嘉 宾: Xin Linwei , Associate Professor, The University of Chicago

主持人:葛冬冬  教授 上海交通大学安泰经济与管理学院

                              院长 上海交通大学智能计算研究院

时 间:2024625日(周二)14:00-15:30

地 点:上海交通大学 徐汇校区 安泰经济与管理学院A503

 

内容简介:

Advances in computational power and AI have increased interest in reinforcement learning approaches to inventory management. This paper provides a theoretical foundation for these approaches and investigates the benefits of restricting to policy structures that are well-established by decades of inventory theory.

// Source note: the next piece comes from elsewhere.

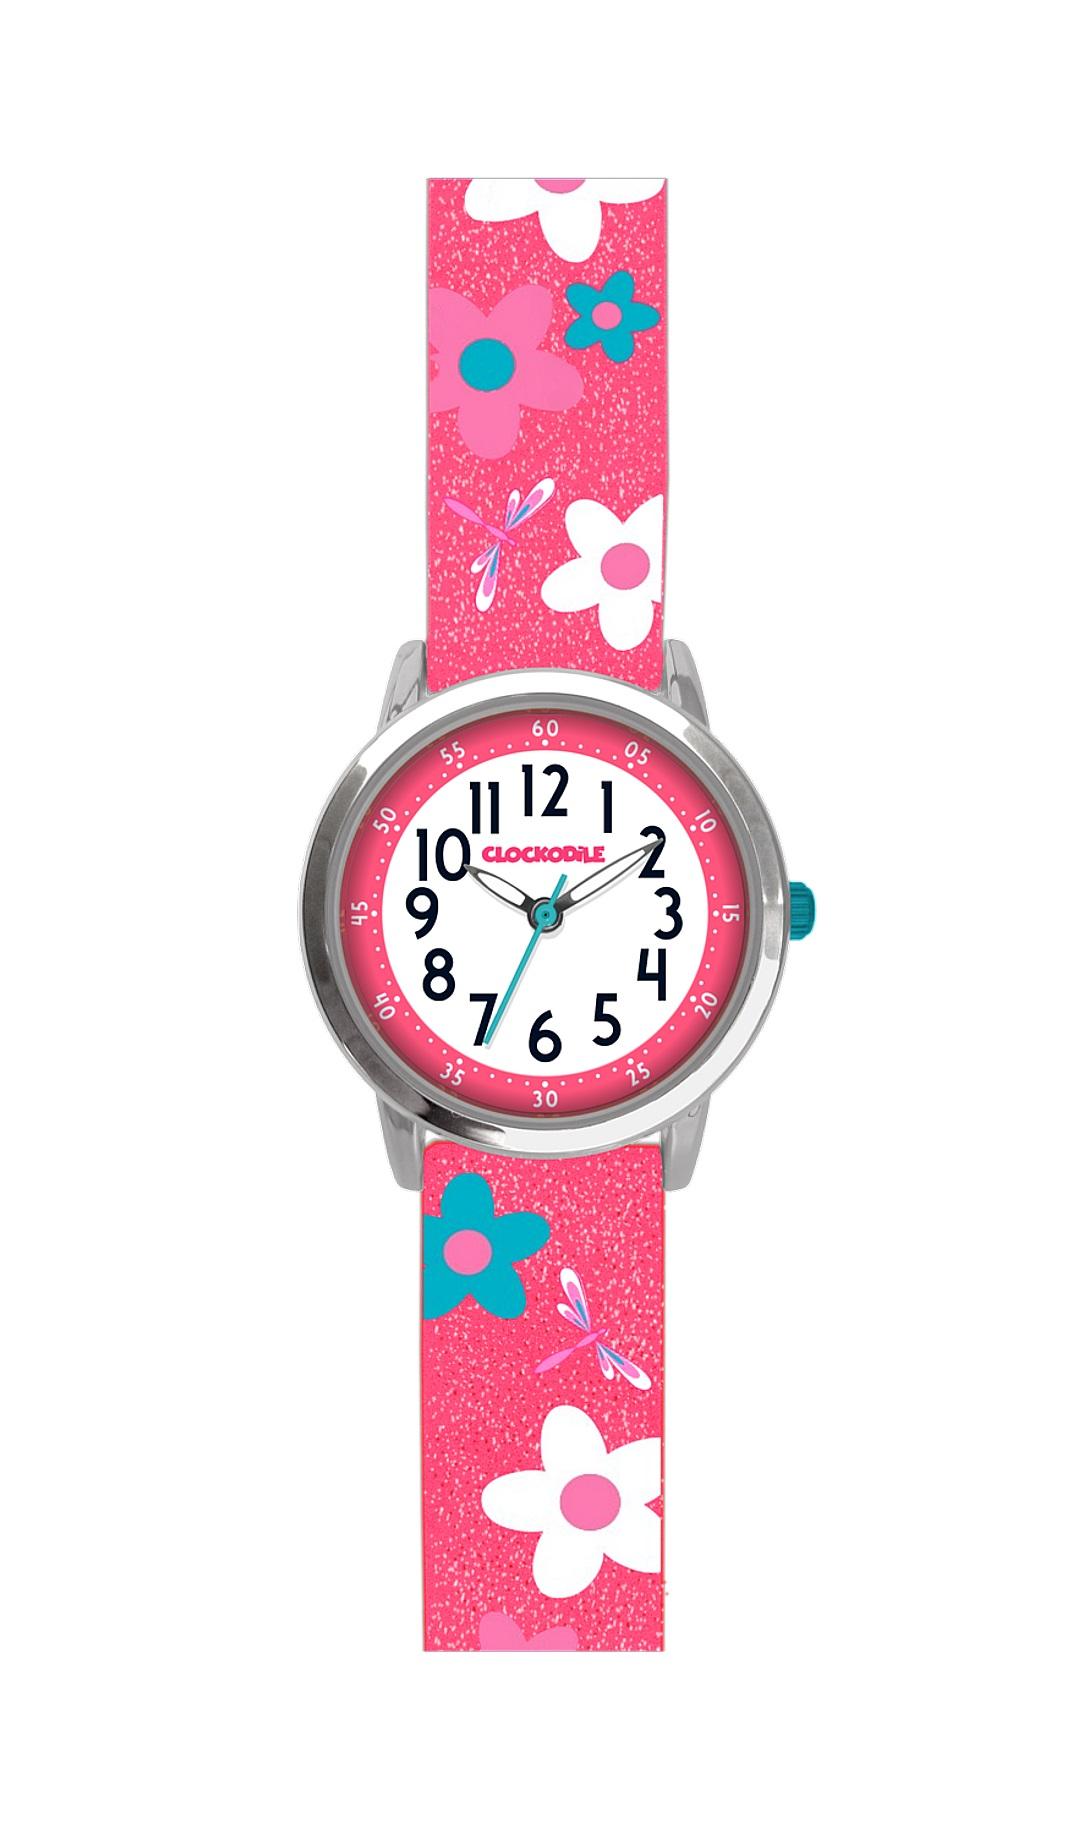 Květované růžové dívčí hodinky CLOCKODILE FLOWERS se třpytkami CWG5020 (CWG5020)

In particular, we prove generalization guarantees for learning several well-known classes of inventory policies, including base-stock and (s,S) policies, by leveraging the celebrated Vapnik-Chervonenkis (VC) theory. We apply the concepts of the Pseudo-dimension and Fat-shattering dimension from VC theory to determine the generalizability of inventory policies, that is, the difference between an inventory policy’s performance on training data and its expected performance on unseen data. We focus on a classical setting without contexts, but allow for an arbitrary distribution over demand sequences and do not make any assumptions such as independence over time. We corroborate our supervised learning results using numerical simulations.

Managerially, our theory and simulations translate to the following insights. First, there is a principle of “learning less is more” in inventory management: depending on the amount of data available, it may be beneficial to restrict oneself to a simpler, albeit suboptimal, class of inventory policies to minimize overfitting errors. Second, the number of parameters in a policy class may not be the correct measure of overfitting error: in fact, the class of policies defined by T time-varying base-stock levels exhibits a generalization error comparable to that of the two-parameter (s,S) policy class. Finally, our research suggests situations in which it could be beneficial to incorporate the concepts of base-stock and inventory position into black-box learning machines, instead of having these machines directly learn the order quantity actions.

演讲人简介:

Linwei Xin is an associate professor of operations management at the University of Chicago Booth School of Business. He specializes in inventory and supply chain management, where he designs cutting-edge models and algorithms that enable organizations to effectively balance supply and demand in various contexts with uncertainty.

Xin's research using asymptotic analysis to study stochastic inventory theory is renowned and has been recognized with several prestigious INFORMS paper competition awards, including First Place in the George E. Nicholson Student Paper Competition in 2015 and the Applied Probability Society Best Publication Award in 2019.Xin's recent interest focuses on AI for supply chains, driven by labor shortages, reshoring trends, global supply chain disruptions, and e-commerce growth. He leverages various tools such as neural networks, VC theory, applied probability, online optimization/learning, and random graph theory to address emerging challenges arising from AI-driven automation. His work targets problems in inventory management, robotics and automation in modern warehousing, dual-sourcing, real-time order fulfillment, omnichannel, and transportation network design. His research on implementing state-of-the-art multi-agent deep reinforcement learning techniques in Alibaba's inventory replenishment system was selected as a finalist for the INFORMS 2022 Daniel H. Wagner Prize, with over 65% algorithm-adoption rate within Alibaba's own supermarket brand Tmall Mart. His research on designing dispatching algorithms for robots in JD.com's intelligent warehouses was recognized as a finalist for the INFORMS 2021 Franz Edelman Award, with estimated annual savings in the hundreds of millions of dollars.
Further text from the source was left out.